I bargained with the nurses to take me out of the room I was in and place me on the ward. That room represented to me nothing but negative experiences,and isolation I needed to see some people to survive this.
My friends and family were great. My friend Fi visited often in spite of her heavy schedule. But everyone pulled together to look after the kids. I had no partner, so trying to arrange he kids from hospital wasn't always easy. My ex husband looked after my daughter the whole time, him being a Doctor he explained things to her, and lessened the load. The surgery was to be the next day, I was supposed to be the last on the list. But just before 1.30 p.m on the day of t he surgery I was told I was going to theatre in the next 20 minutes. Damn no I wasn't ready. All through the past week I thought many times over that I was going to die. I was so scared. I wanted to watch my kids grow up.
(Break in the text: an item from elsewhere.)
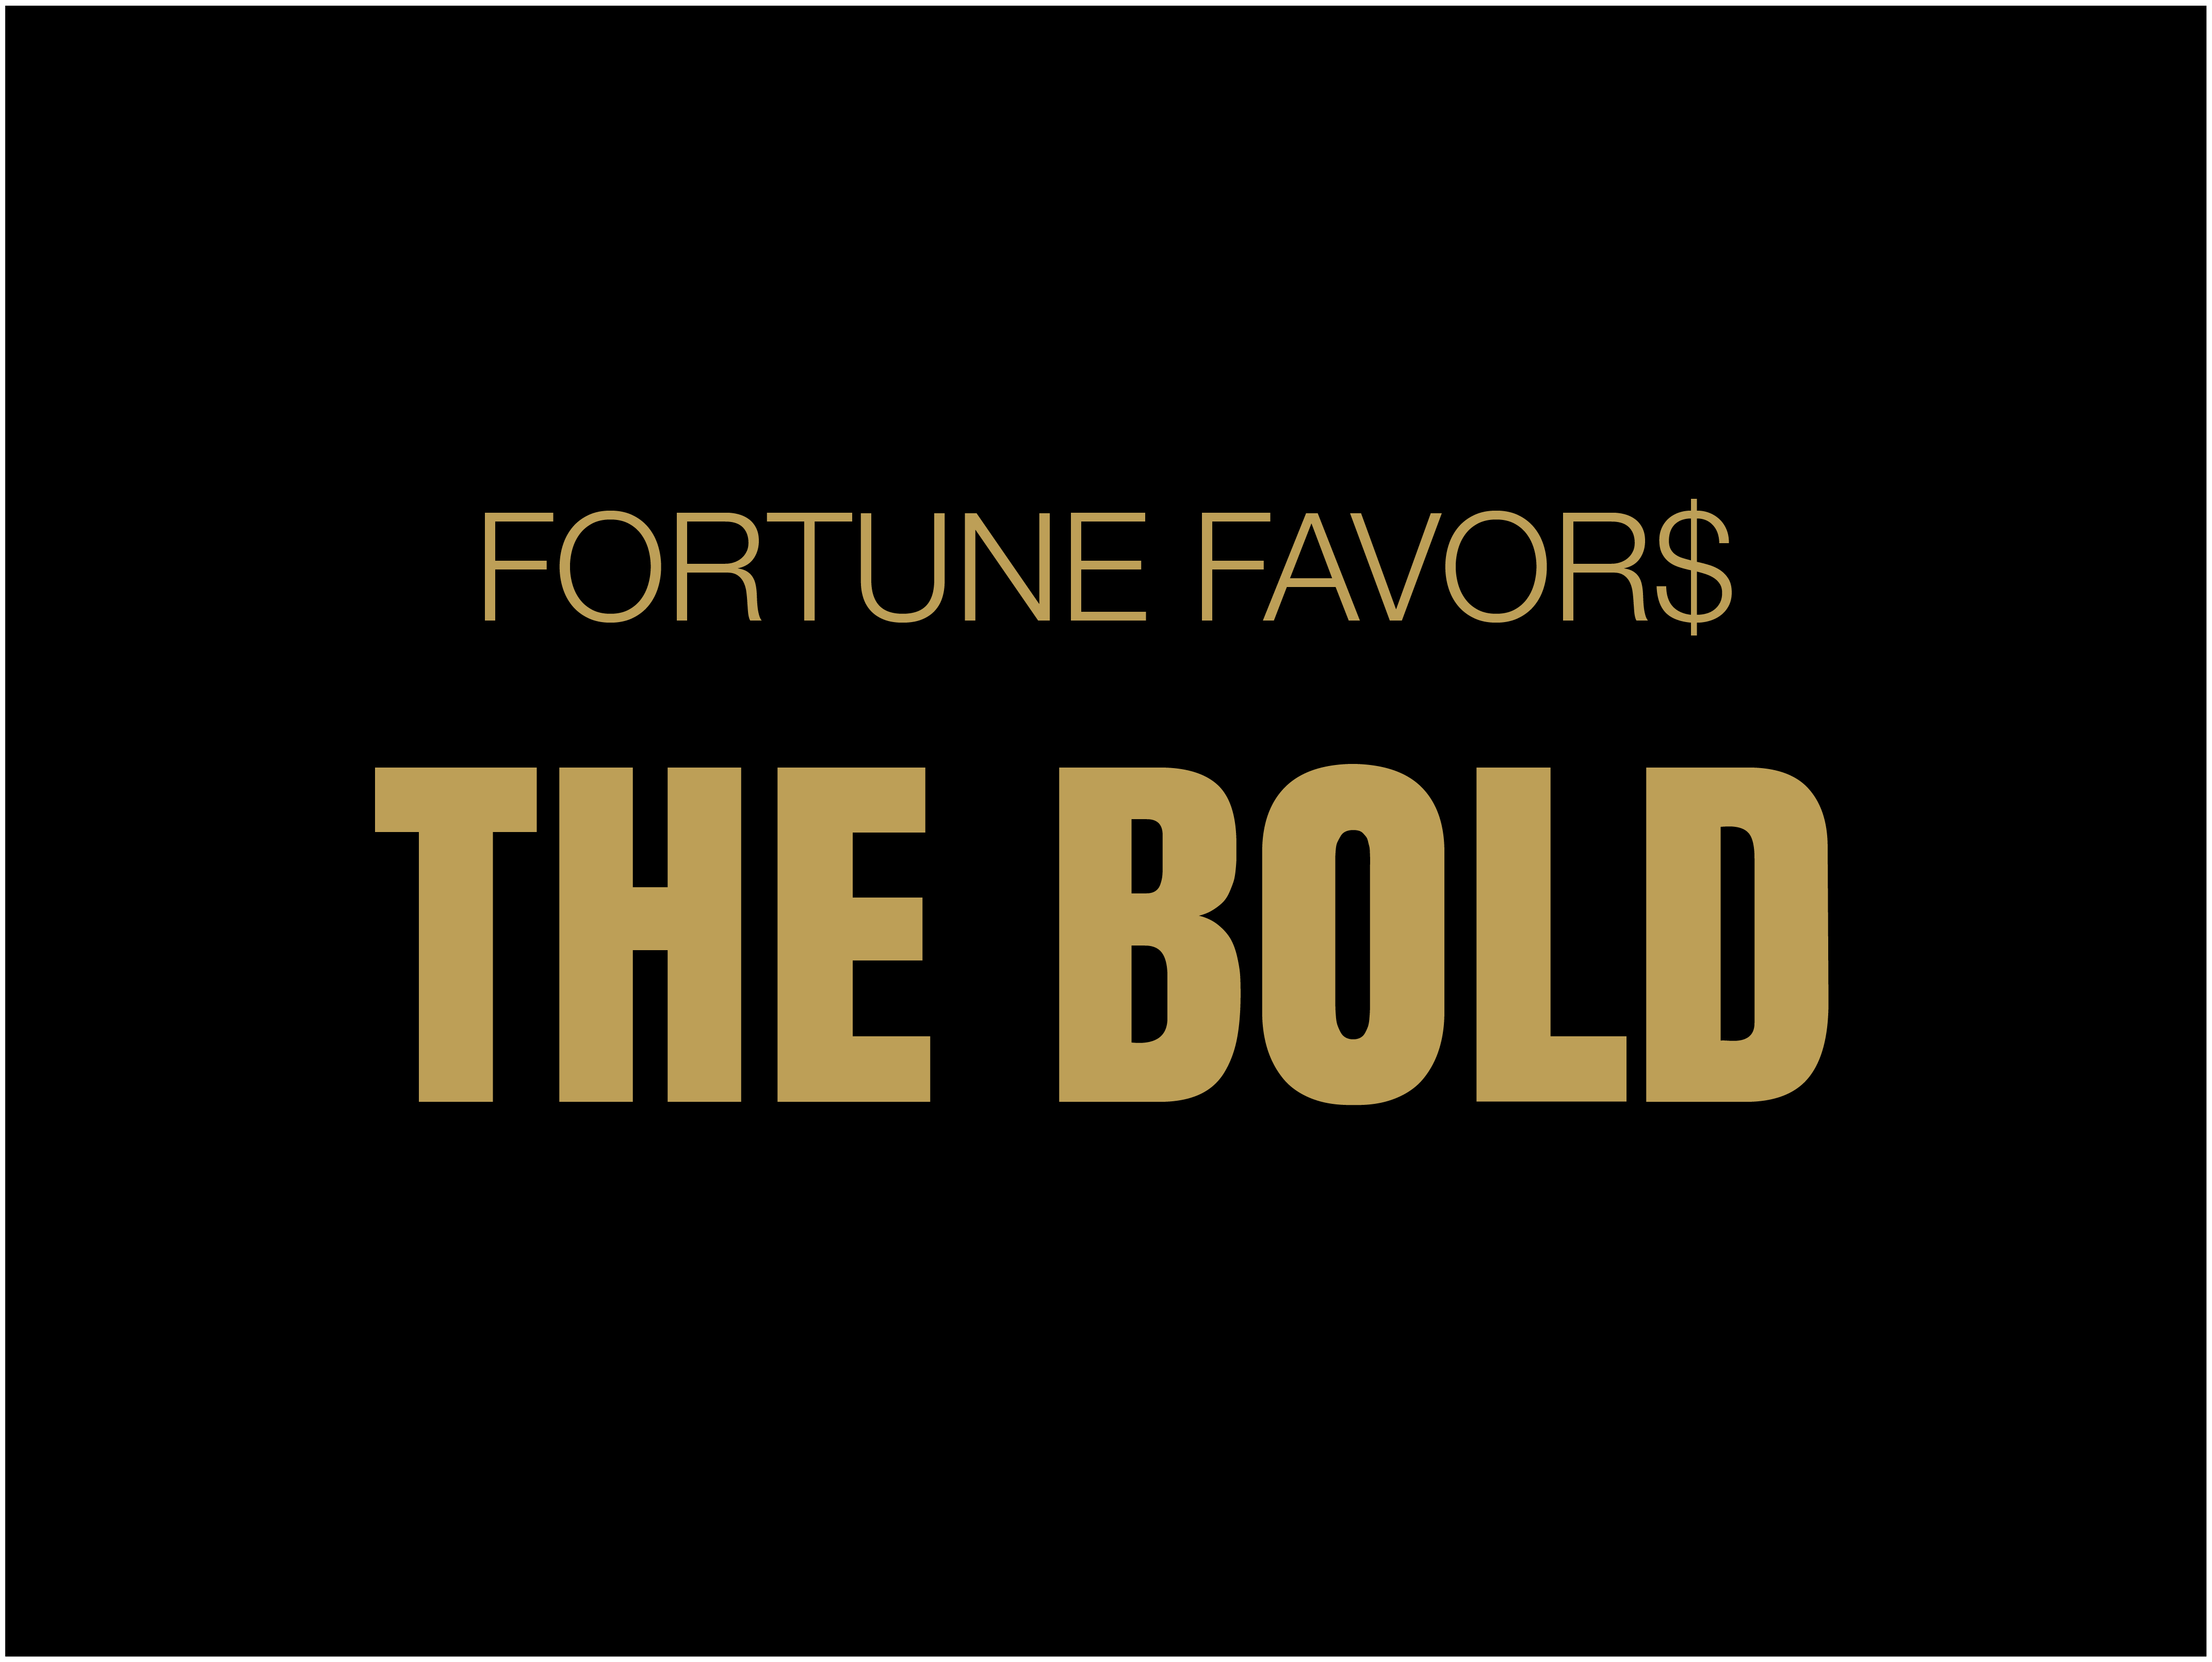 is the saying fortune favors the brave or the bold

So on the way to theatre I had accepted that If this was my time then it was to be. I talked to my friend Laila in my head. She had died a tragic death through suicide the year before. I had also unfortunately seen her hanging in the tree. She left behind a young daughter. Laila wasn't yet 21 when she died. She was like a young sister to me. I had helped out young people on and off for years. Laila was one of them. I told her that If I died I knew she would be there. If I saw her I would kick her ass. I had missed her terribly. Her tribute video can be seen on my YouTube page KDFB35. So I gave myself some comfort and faced the anaesthetic room again. This time alone. I wasn't allowed a spinal this time. Considering they said the paralysis was due to the drainage tube, a spinal should not have been the issue. But hey remember I was actually paralysed before my first surgery even started, go figure.:) So I was knocked out, I had agreed to the nasal gastric tube, as I was under anaesthetic. I wanted that vile, putrid smelling stuff out of me anyway, without having to throw it up!
The next thing I recall is waking up hours later screaming in pain. But that's for another day folks.